# [Task directions]
All of the data below must be reproduced word for word, but without its images.
[[ Information provided, beginning ]]
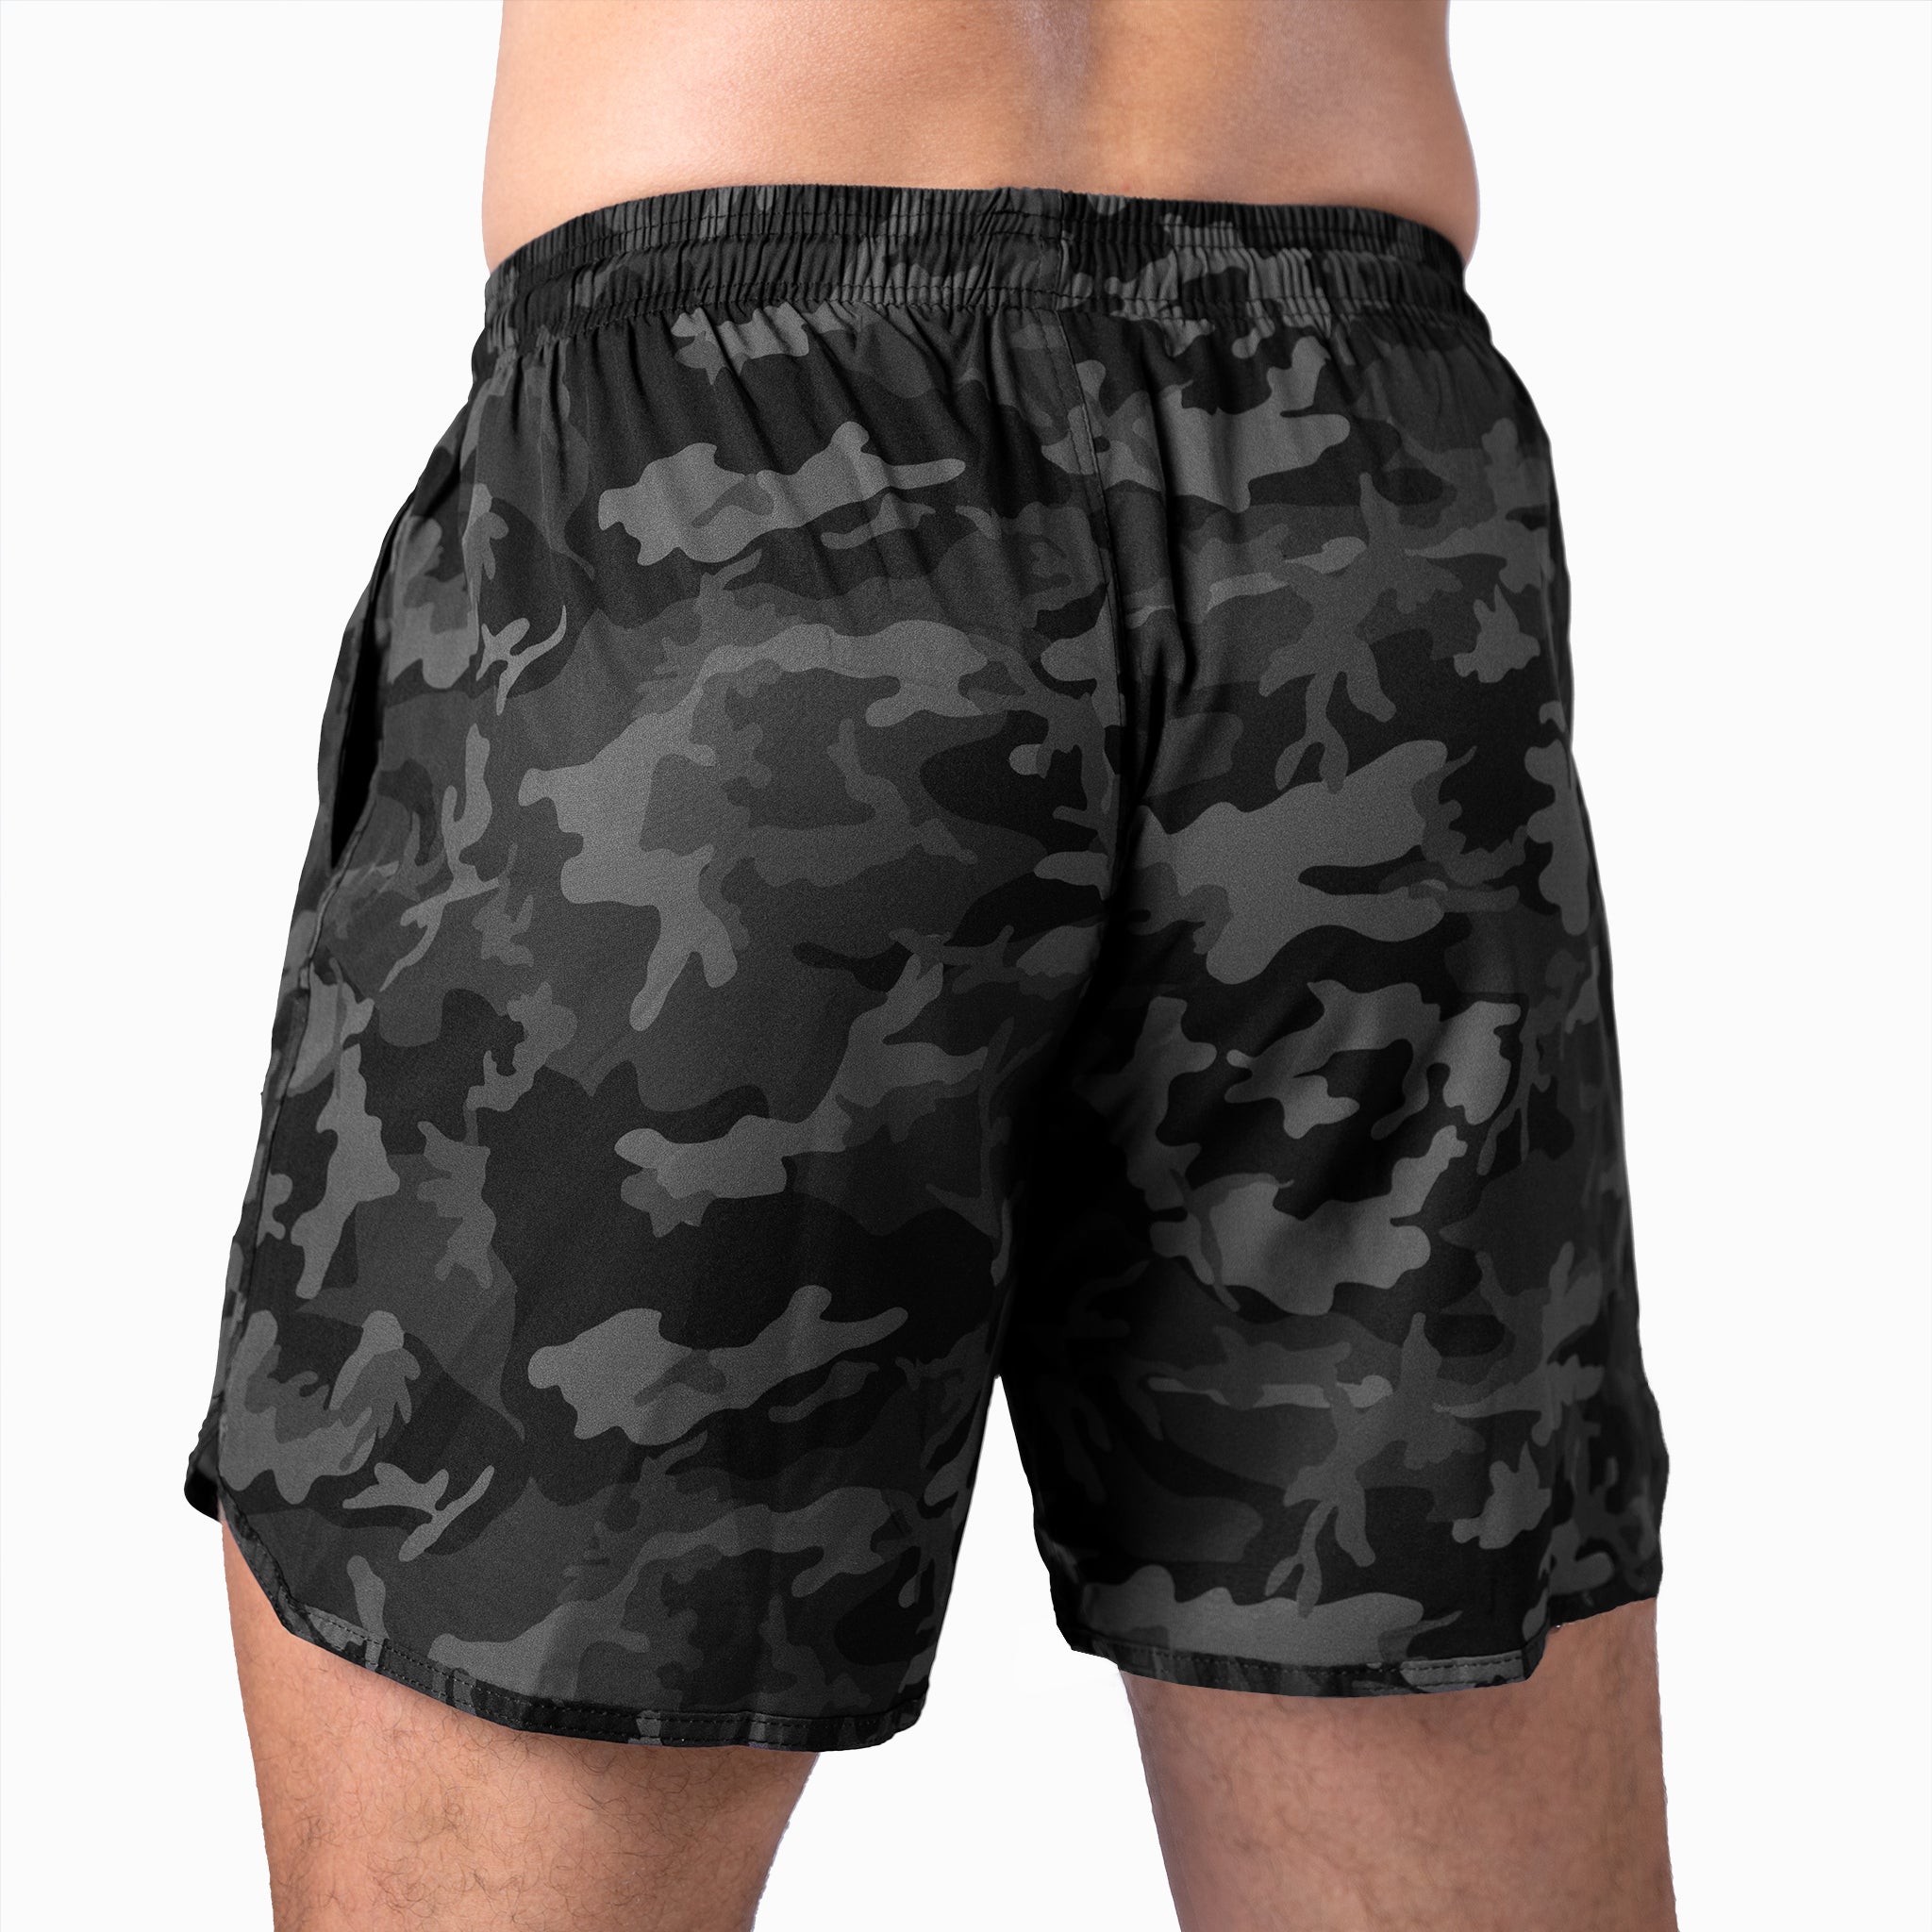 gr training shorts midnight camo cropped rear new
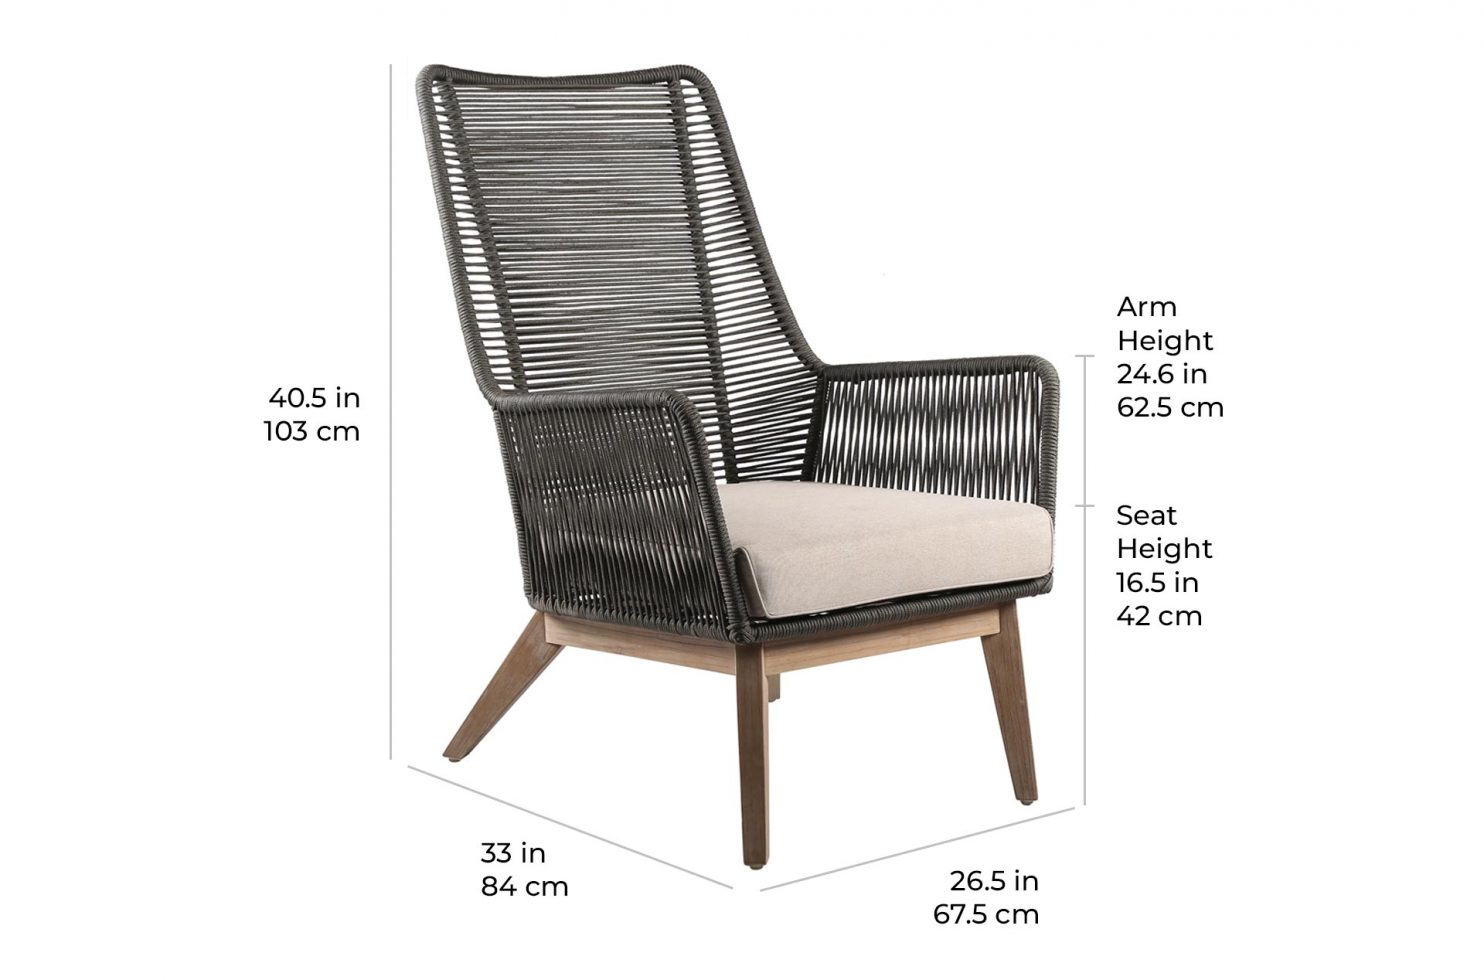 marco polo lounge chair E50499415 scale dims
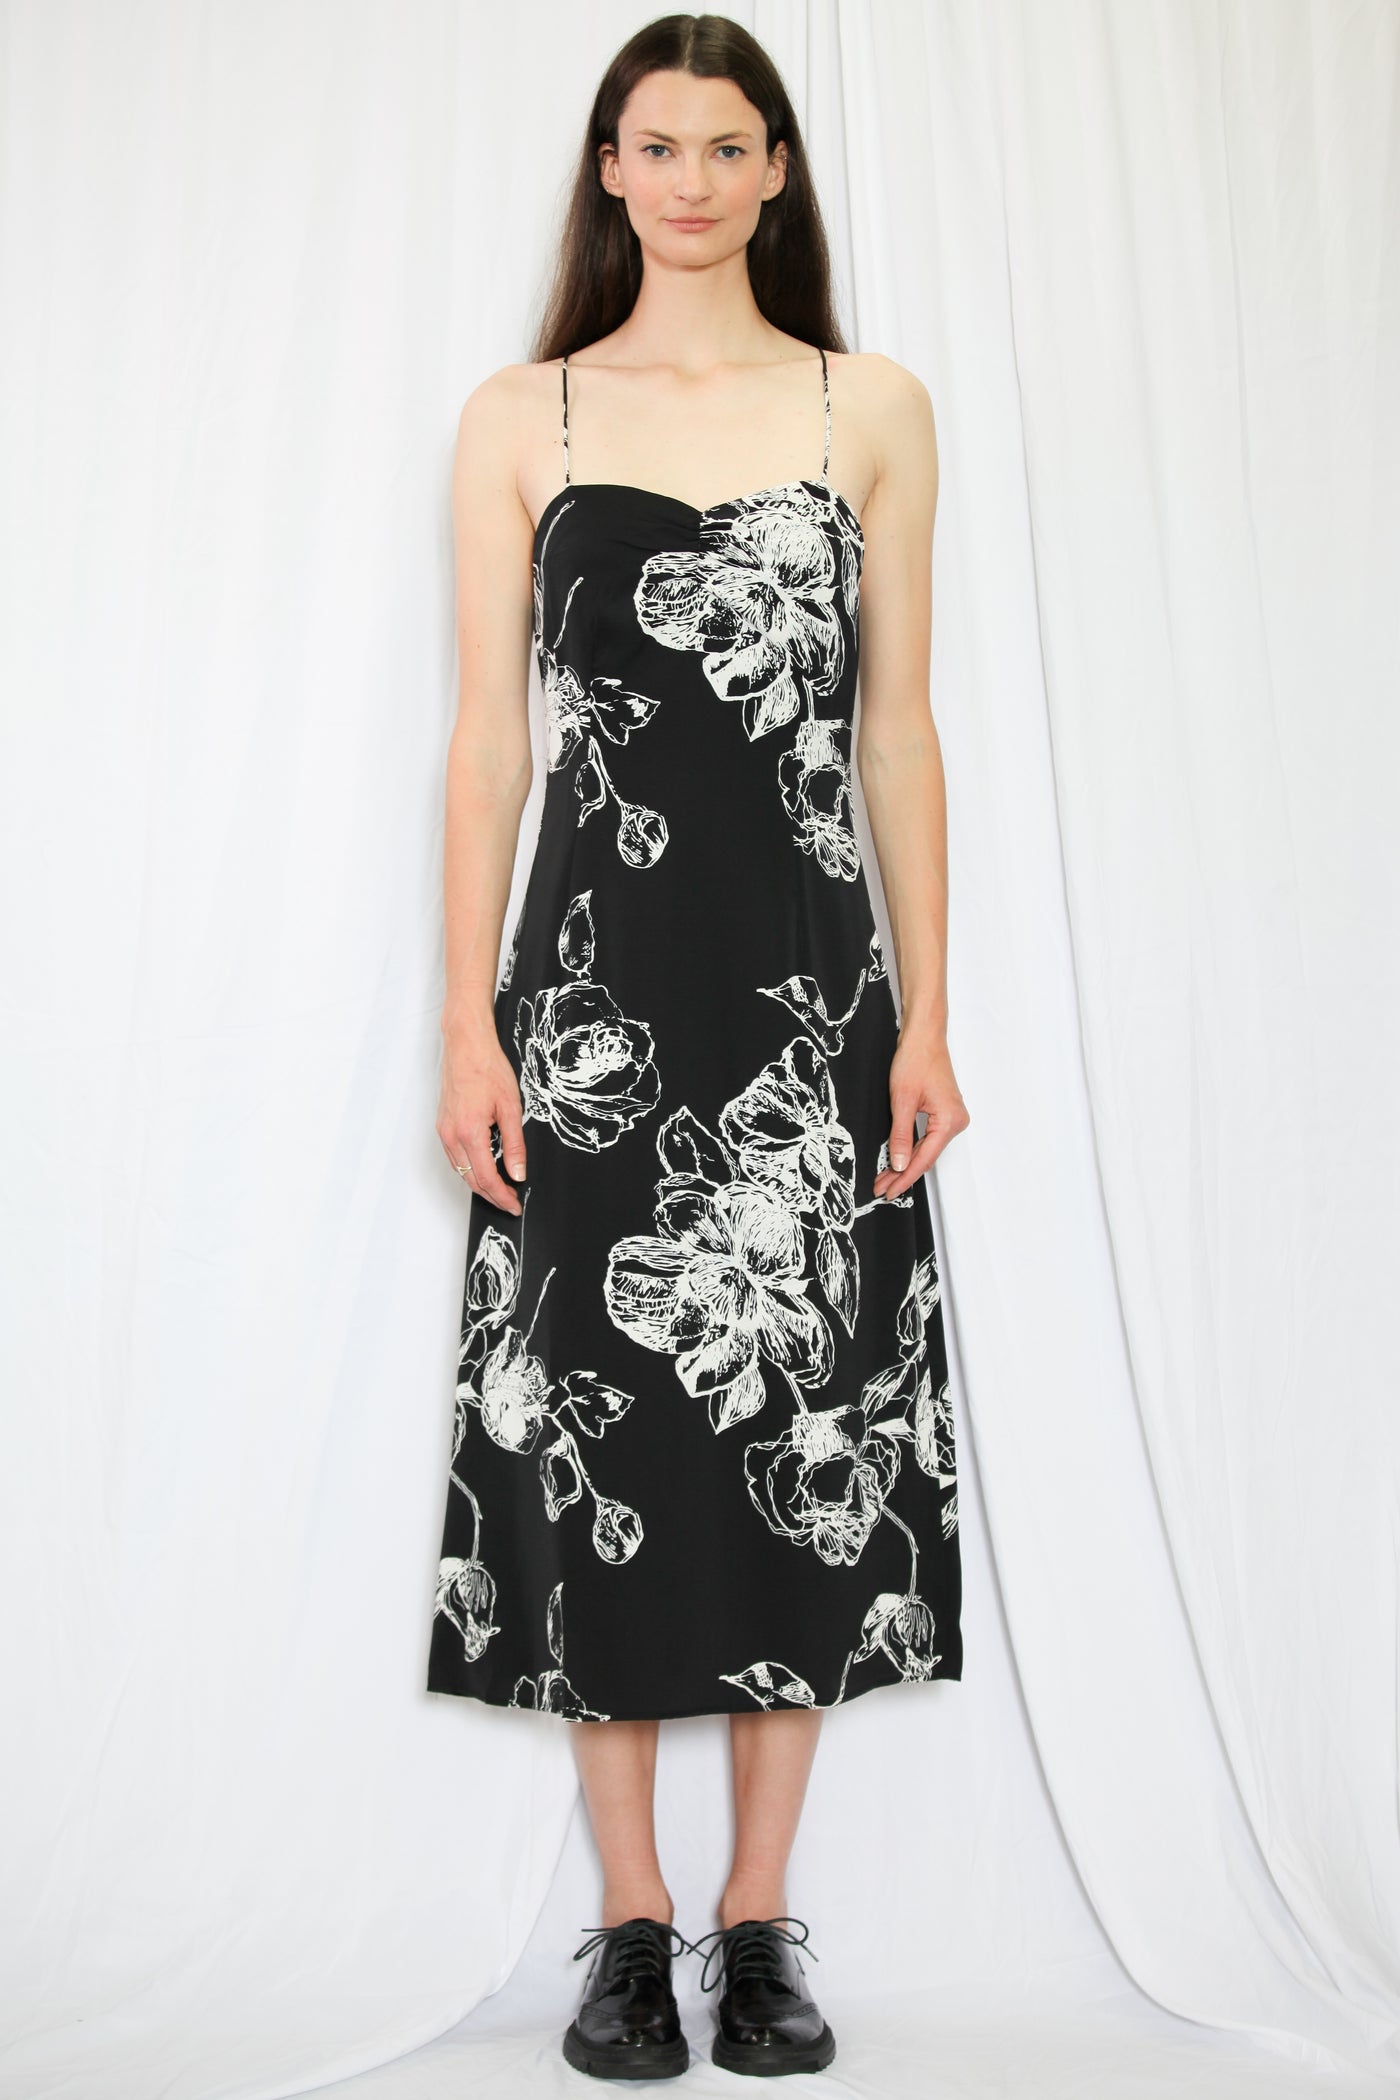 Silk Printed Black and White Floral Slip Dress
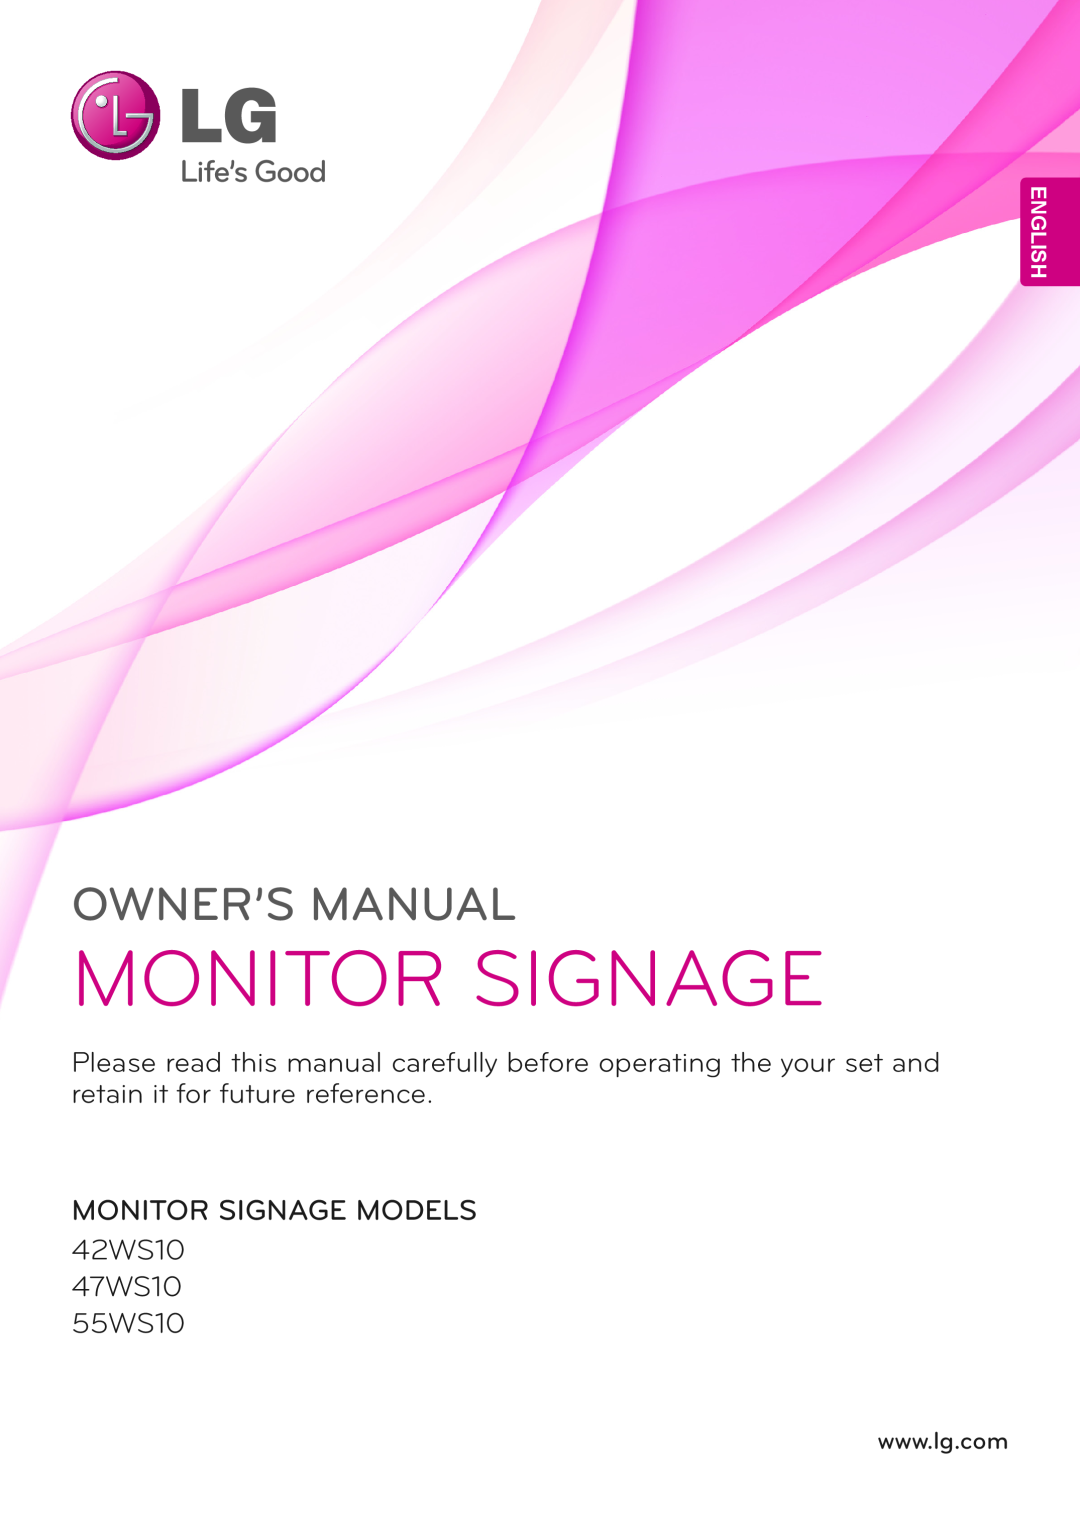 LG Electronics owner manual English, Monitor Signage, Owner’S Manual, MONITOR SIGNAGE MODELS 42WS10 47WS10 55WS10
[[ Information provided, end ]]
# [Answer to this task]
 gr training shorts midnight camo cropped rear new
 marco polo lounge chair E50499415 scale dims
 Silk Printed Black and White Floral Slip Dress
 LG Electronics owner manual English, Monitor Signage, Owner’S Manual, MONITOR SIGNAGE MODELS 42WS10 47WS10 55WS10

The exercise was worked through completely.